It's okay for low-color/solid-run images, terrible for everything else. Nachman's image mime blobs (iTerm2 style) is the superior approach. mintty/mlterm/rlogin/wezterm already support it. Kitty has an (incompatible) variant--same idea, but delivered in chunks.
> when when run chat programs inside electron apps, does it really matters?
From a dev perspective, it's a lot easier to base64 an image you already have, with a base64 that's already in your stdlibs, than to scour github for a passable sixel library to pre-rasterize that jpeg & reformat it as sixel. I say this as someone who's written a sixel conversion library.
> competing formats
It's not a very old format, yet already supported on 4-5 terminals last I checked.
Or you could just use the libsixel package. Downloading libraries isn't unknown to developers (thinking about `apt-get install libncurses5-dev libsixel-dev` or the like.) Or sysadmins: `apt-get install libncurses5` or `apt-get install libsixel`.
I do everything I can to help popularize sixels - it could be a default fallback format: sixel-tmux could "rewrite" on the fly sixel sequences into kitty iterm2 or whatever
Sixels are compatible with cursor positioning escape sequences, so I can position the image on the screen. I wasn't able to do this with term2. Very possible I just didn't see how to do it though. If you have a pointer to docs for making that work, I'd love to play around with it.
Last time I evaluated this, sixel & base64 image placement relative to re-positioned cursor had slightly different behaviors across different implementations. I think the only one with well-defined placement/dimensions behavior was the Kitty format--which is unfortunately Kitty-only.
If the goal is to hot-patch graphics into existing TUIs, Kovid is probably on the right track with this. It needs to be something richer than what sixel or iTerm2 provide--with pixel placement, play/pause, scaling, etc. Though for a do-over of piping a UI over a (relatively) low-bandwidth wire, I think something like Sun NeWS would have been a simpler & more feature-complete approach.

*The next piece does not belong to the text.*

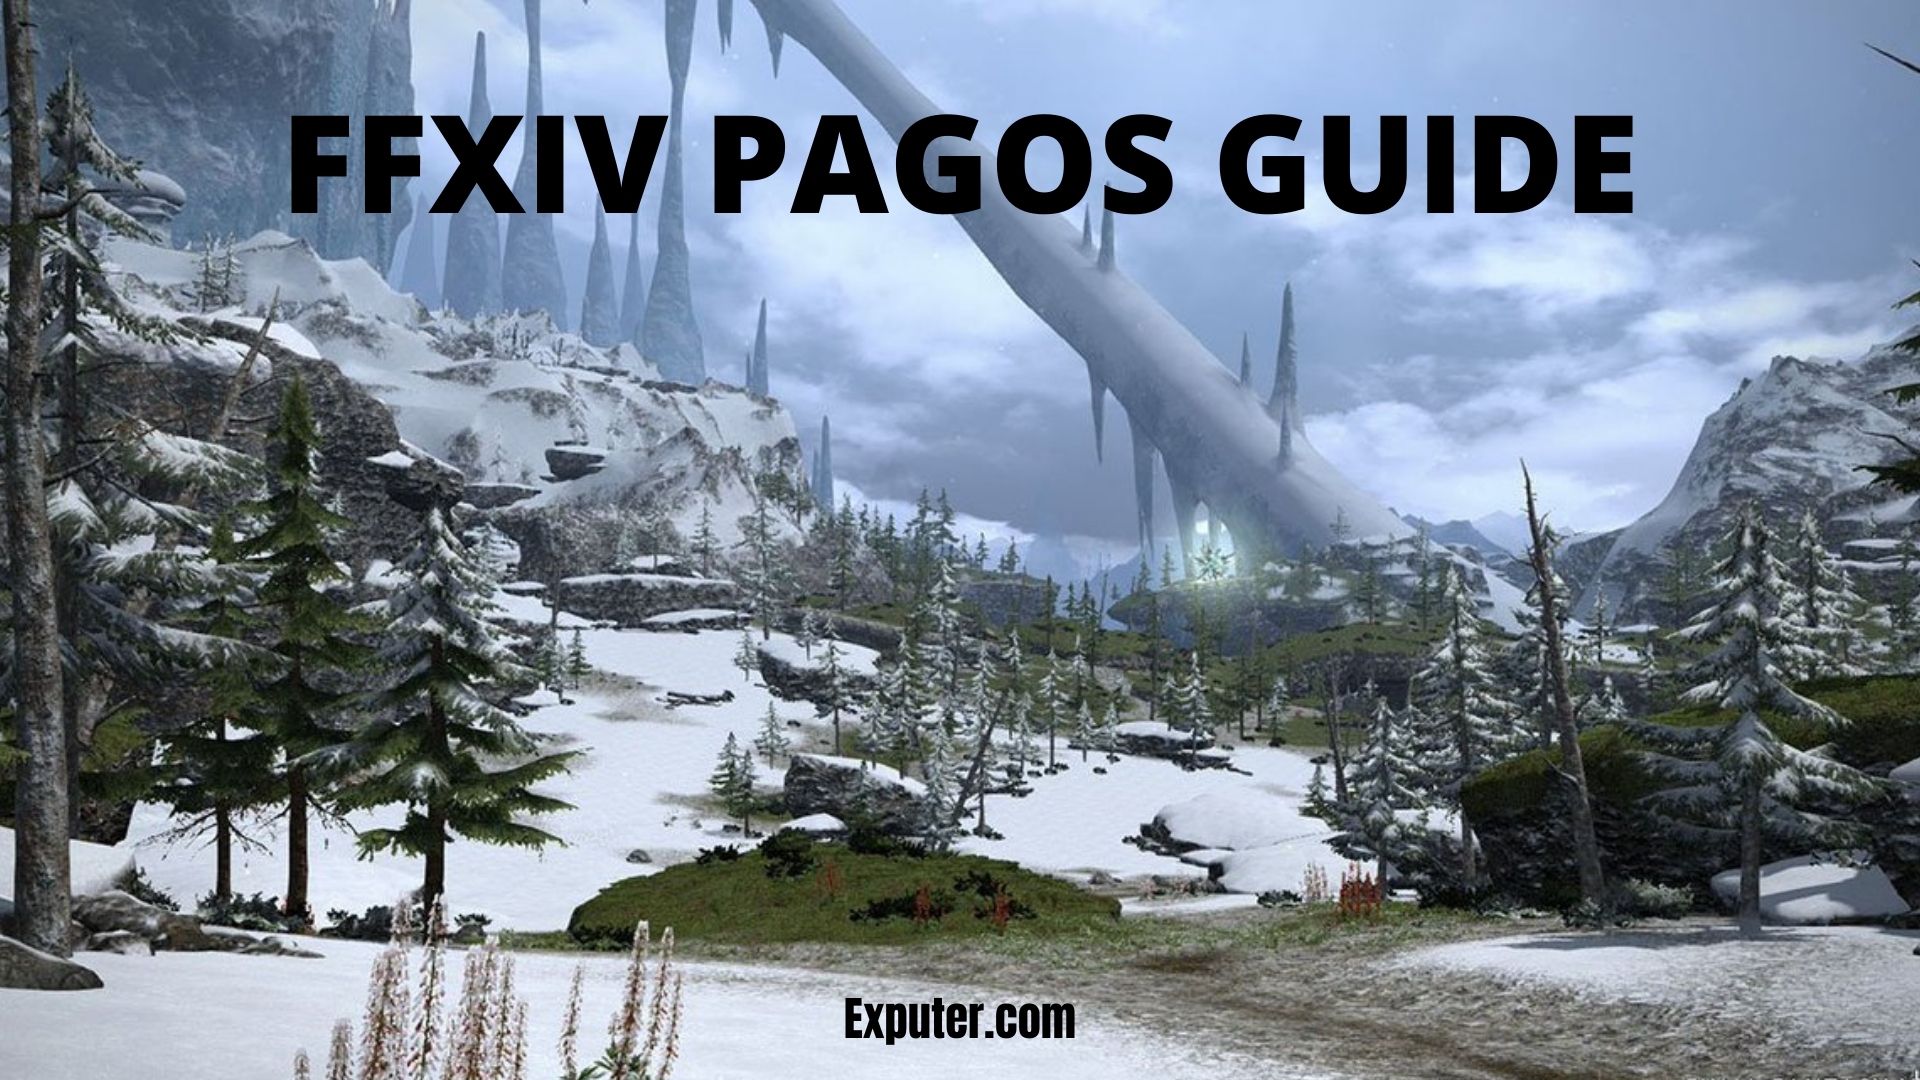 FFXIV Pagos Guide For Eureka Walkthrough EXputer Com

Been using Wezterm for about a year now and I'm a very satisfied user. Beats any others I've ever used - iTerm2 comes close but it's Mac only. Every other terminal emulator in my experience has been problematic. Wezterm has not been. Just works.
Yeah, I don't see the point in trying to resurrect a dead standard that isn't very efficient or widely supported. Backwards compatibility is important, but sixels aren't even that well supported nowadays†, so there's not much to be compatible with. Better to just push for new de facto standards for images in the terminal; trying to resurrect sixels is an exercise in retrocomputing.
† xterm and iTerm2 are the only widely-used terminal emulators nowadays that support sixels. Few Linux users use plain old xterm nowadays due to lack of desktop integration, and iTerm2 is not the OS default terminal (and it supports a better image format anyway). Also note that no popular Windows terminal emulators (conhost.exe, conemu, Microsoft Terminal) support sixels at all.
sixel works fine, and is better supported than a "new de facto standard" the doesn't even exist yet. It's not at all true that no popular windows s/w supports it - mintty/wsltty supports it just fine and is widely used.